Gvozdarus svetovidovi, the naked-head toothfish, is a species of marine ray-finned fish belonging to the family Nototheniidae, the notothens or cod icefishes. It is found in the Ross and Cooperation Seas, probably south of the Antarctic Polar Front from pelagic waters down to depths of 550 m (1,804 ft), though it is normally found in a pelagic environment.

==Taxonomy==
Gvozdarus svetovidovi was first formally described in 1989 by the Russian ichthyologist Arkadii Vladimirovich Balushkin with the type locality given as the Ross Sea at 73°36'S, 171°00'E, at a depth of 550 m.

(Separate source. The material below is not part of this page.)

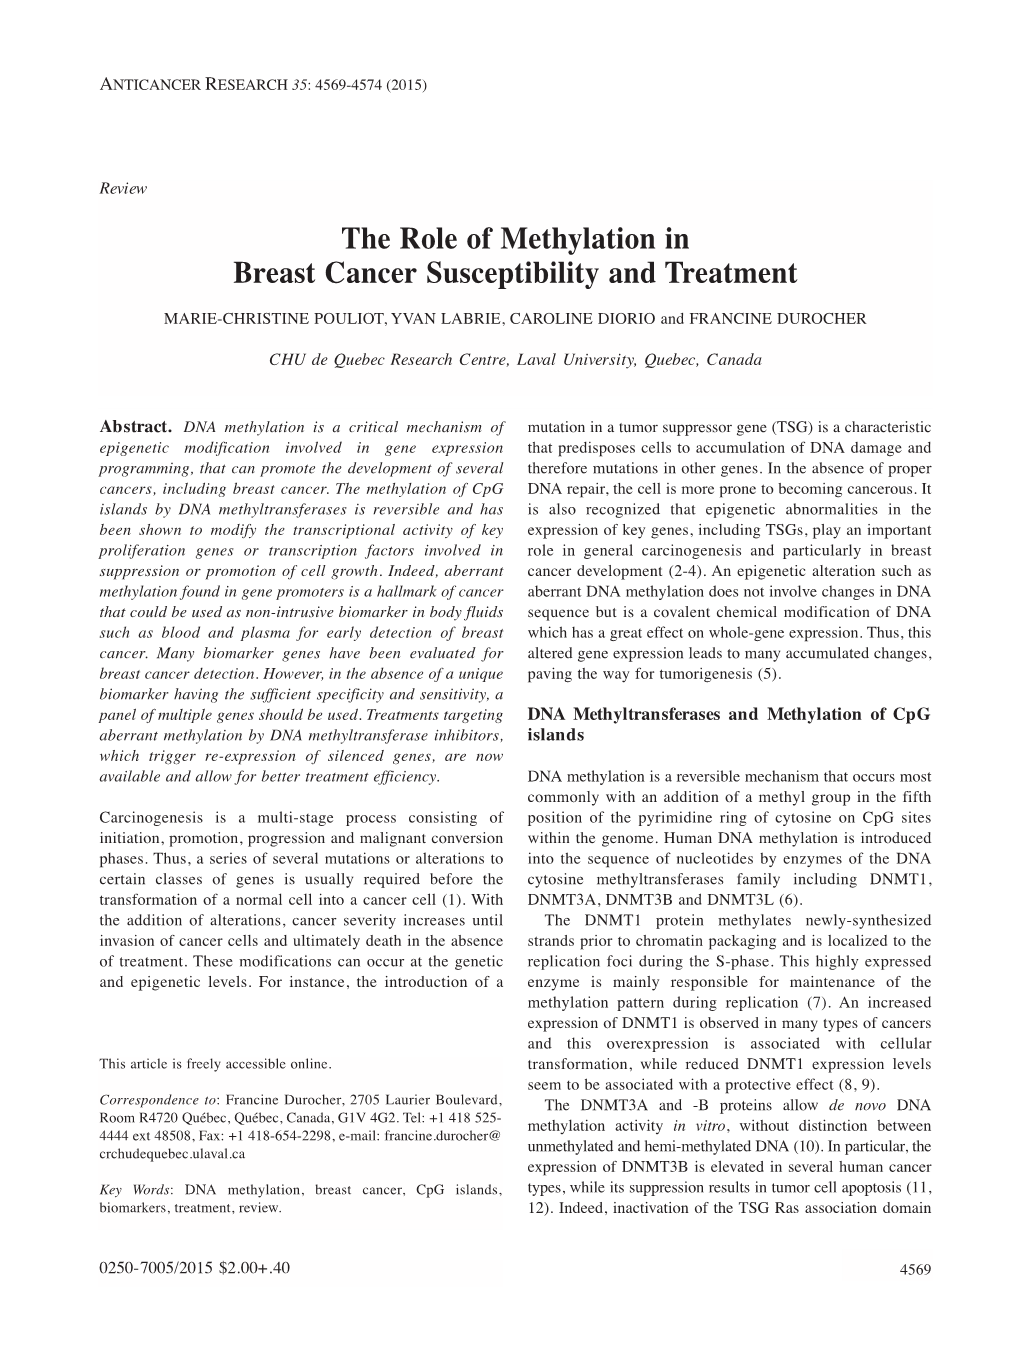 The Role of Methylation in Breast Cancer Susceptibility and Treatment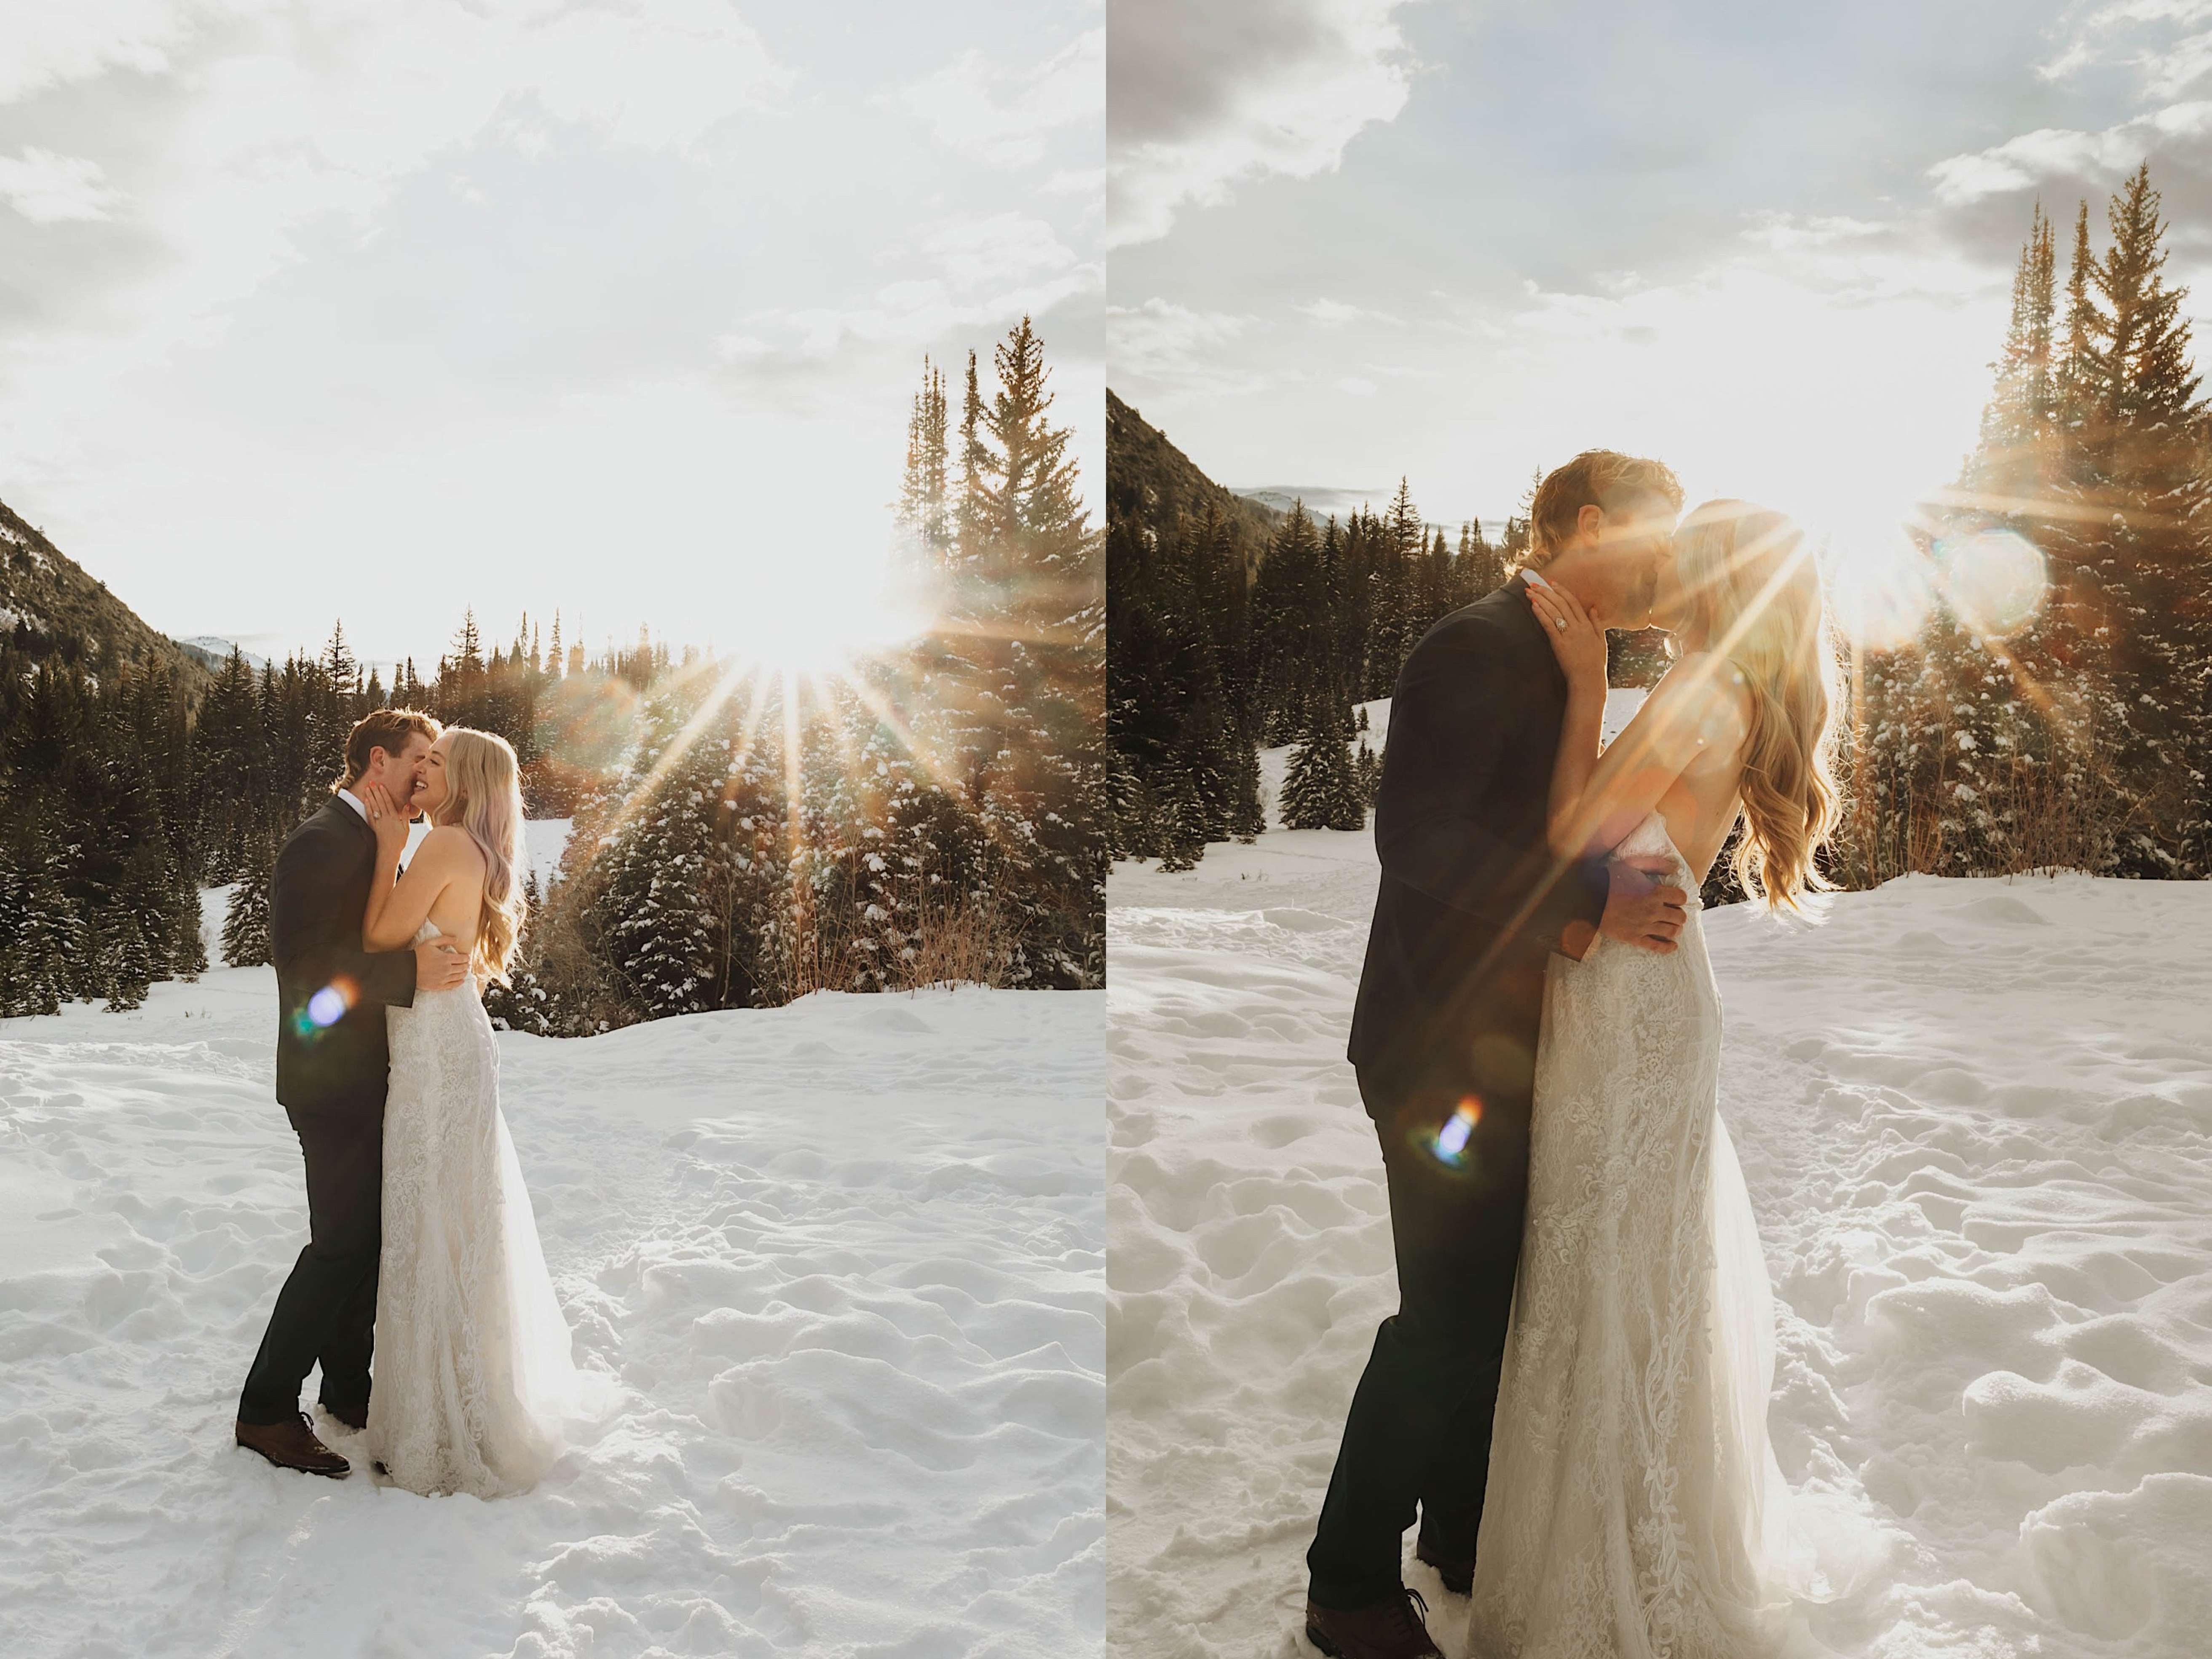 2 photos of a bride and groom kissing one another standing in a snow covered forest while the sun sets behind them

When the genus Gvozdarus was described this species was the only species in the genus and was, therefore, its type species by monotypy. A second species, Gvozdarus balushkini, has since been added to the genus.

==Etymology==
The specific name honours Anatoly Nikolaevich Svetovidov who was head of the Laboratory of Ichthyology at the USSR Academy of Sciences.

==Description==
Gvozdarus svetovidovi has an elongate, fusiform body which is broadest at the front. The head is widest at its rear with a flat and wide space between the eyes and a snout which is longer than the diameter of its eyes. It has a large mouths which extends to the front of the pupil. The lower jaw protrudes slightly and both jaws have canine-like teeth with an inner patch near the jaw joint in the upper jaw. The body is covered in ctenoid scales but the head is naked. The first dorsal fin holds 7 spines, the second dorsal fin has 30 soft rays and the anal fin has 31 soft rays. This species is thought to attain a maximum total length of 100 cm. Their color is pale brown on the lower body while the head, back and flanks are dark. The dorsal fins are paler with transparent membranes. The pelvic and anal fins are light while the mouth and gill cavity are dark.

==Ecology==
This species is a large, pelagic piscivore (fish-eating species, indicated by remains of the pelagic Antarctic silverfish (Pleuragramma antarcticum) found in stomachs).

==Commercial importance==
This species is of no importance to commercial fisheries.